▶ **What needs to be done**: In the entries below, find the line with "Kamera Symbol einstellen" and print exactly every line from there up to and including the line with "Auf der Farnborough", with no other lines.

▶ **The input**:

....................

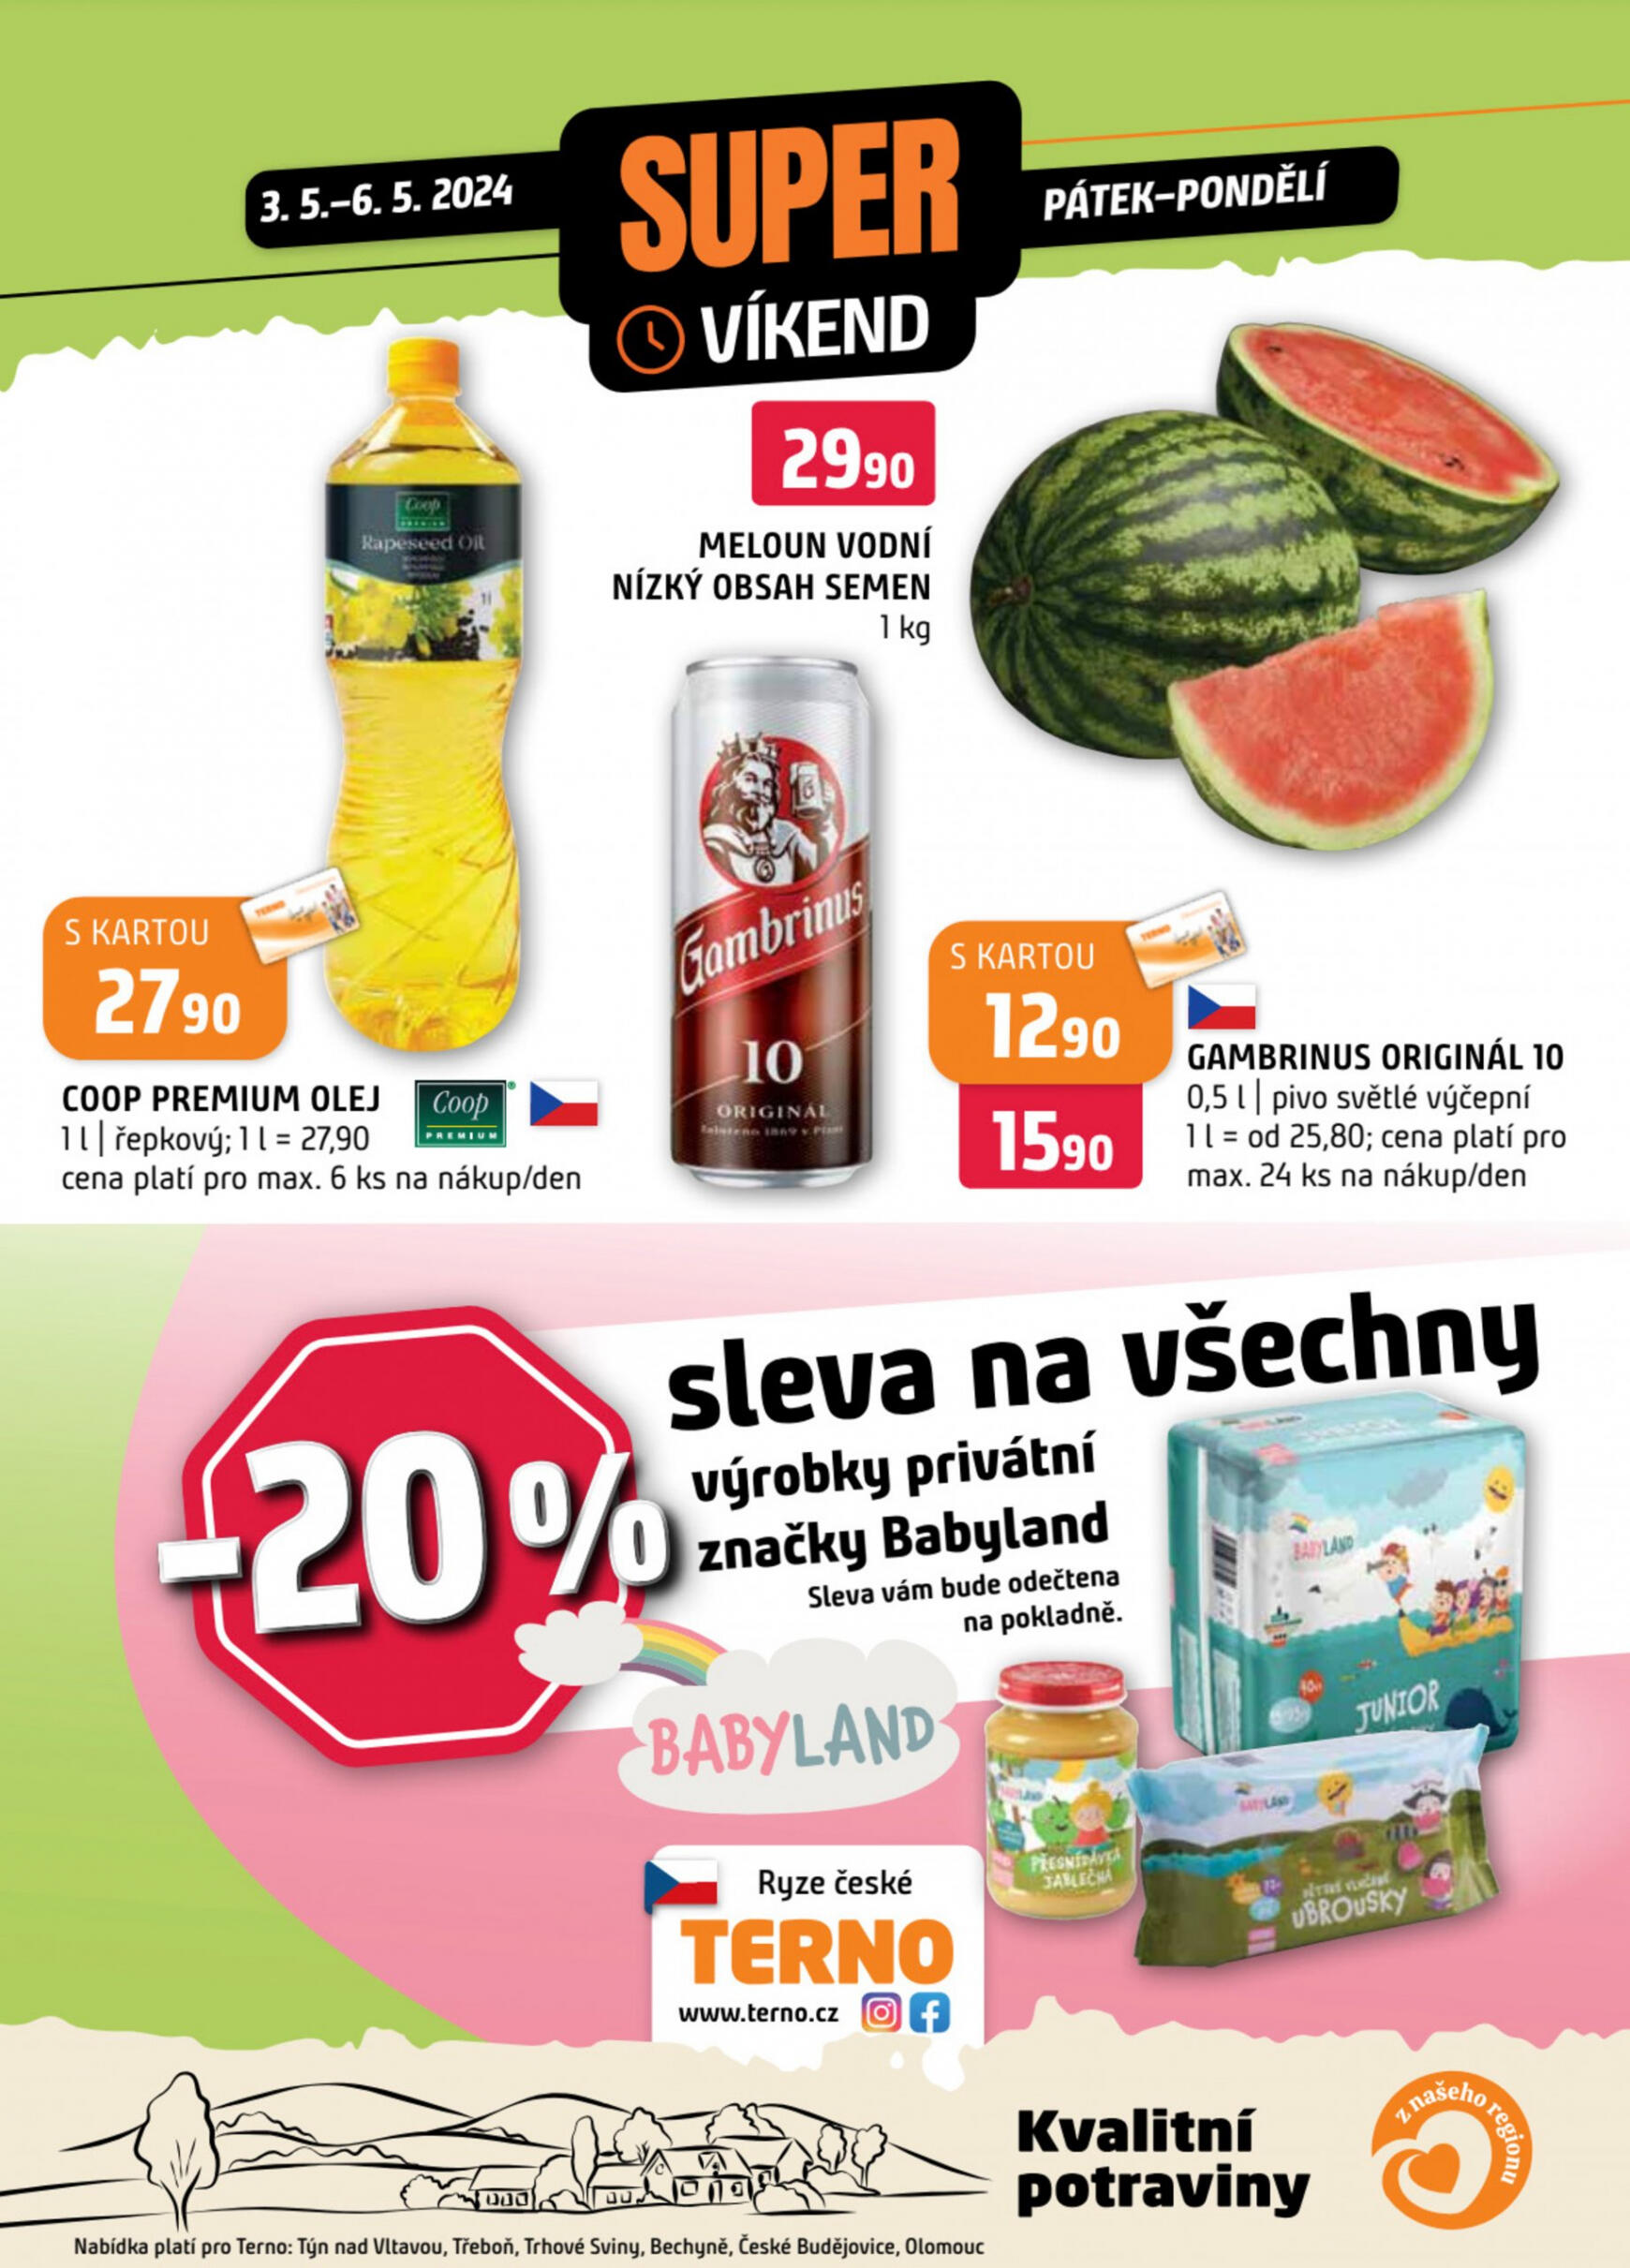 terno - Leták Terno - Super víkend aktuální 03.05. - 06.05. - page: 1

....................

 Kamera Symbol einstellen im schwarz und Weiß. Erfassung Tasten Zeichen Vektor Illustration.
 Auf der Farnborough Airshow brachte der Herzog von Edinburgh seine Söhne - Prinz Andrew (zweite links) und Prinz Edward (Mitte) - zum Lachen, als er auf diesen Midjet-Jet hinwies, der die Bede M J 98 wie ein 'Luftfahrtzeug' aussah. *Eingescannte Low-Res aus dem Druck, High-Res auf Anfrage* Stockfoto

....................

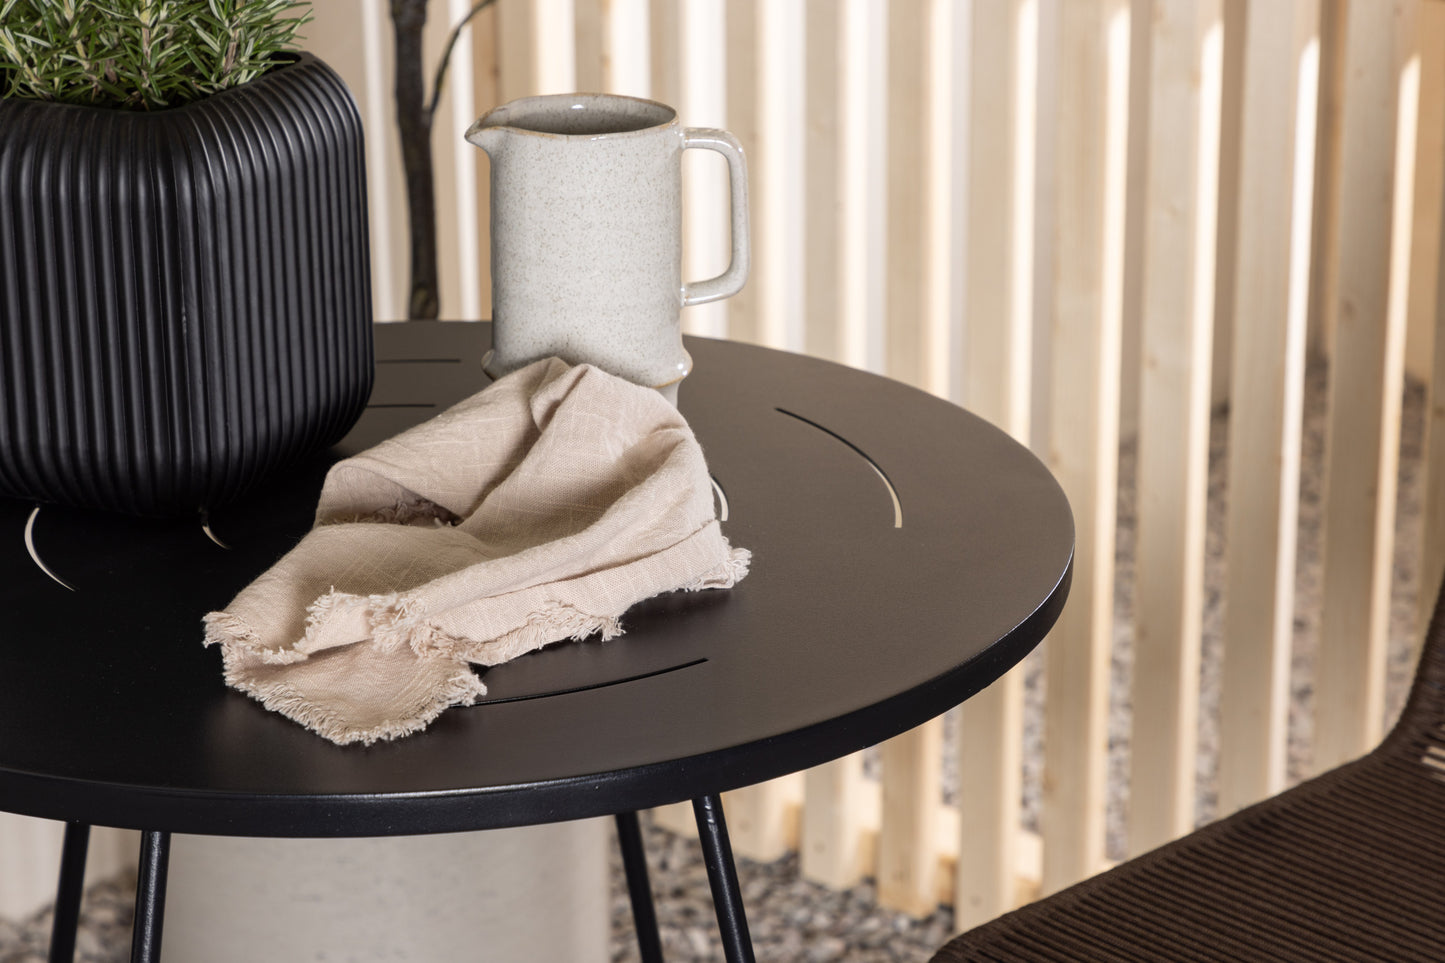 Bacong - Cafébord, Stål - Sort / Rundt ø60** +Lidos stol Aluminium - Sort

....................

▶ **Response area**:
 Kamera Symbol einstellen im schwarz und Weiß. Erfassung Tasten Zeichen Vektor Illustration.
 Auf der Farnborough Airshow brachte der Herzog von Edinburgh seine Söhne - Prinz Andrew (zweite links) und Prinz Edward (Mitte) - zum Lachen, als er auf diesen Midjet-Jet hinwies, der die Bede M J 98 wie ein 'Luftfahrtzeug' aussah. *Eingescannte Low-Res aus dem Druck, High-Res auf Anfrage* Stockfoto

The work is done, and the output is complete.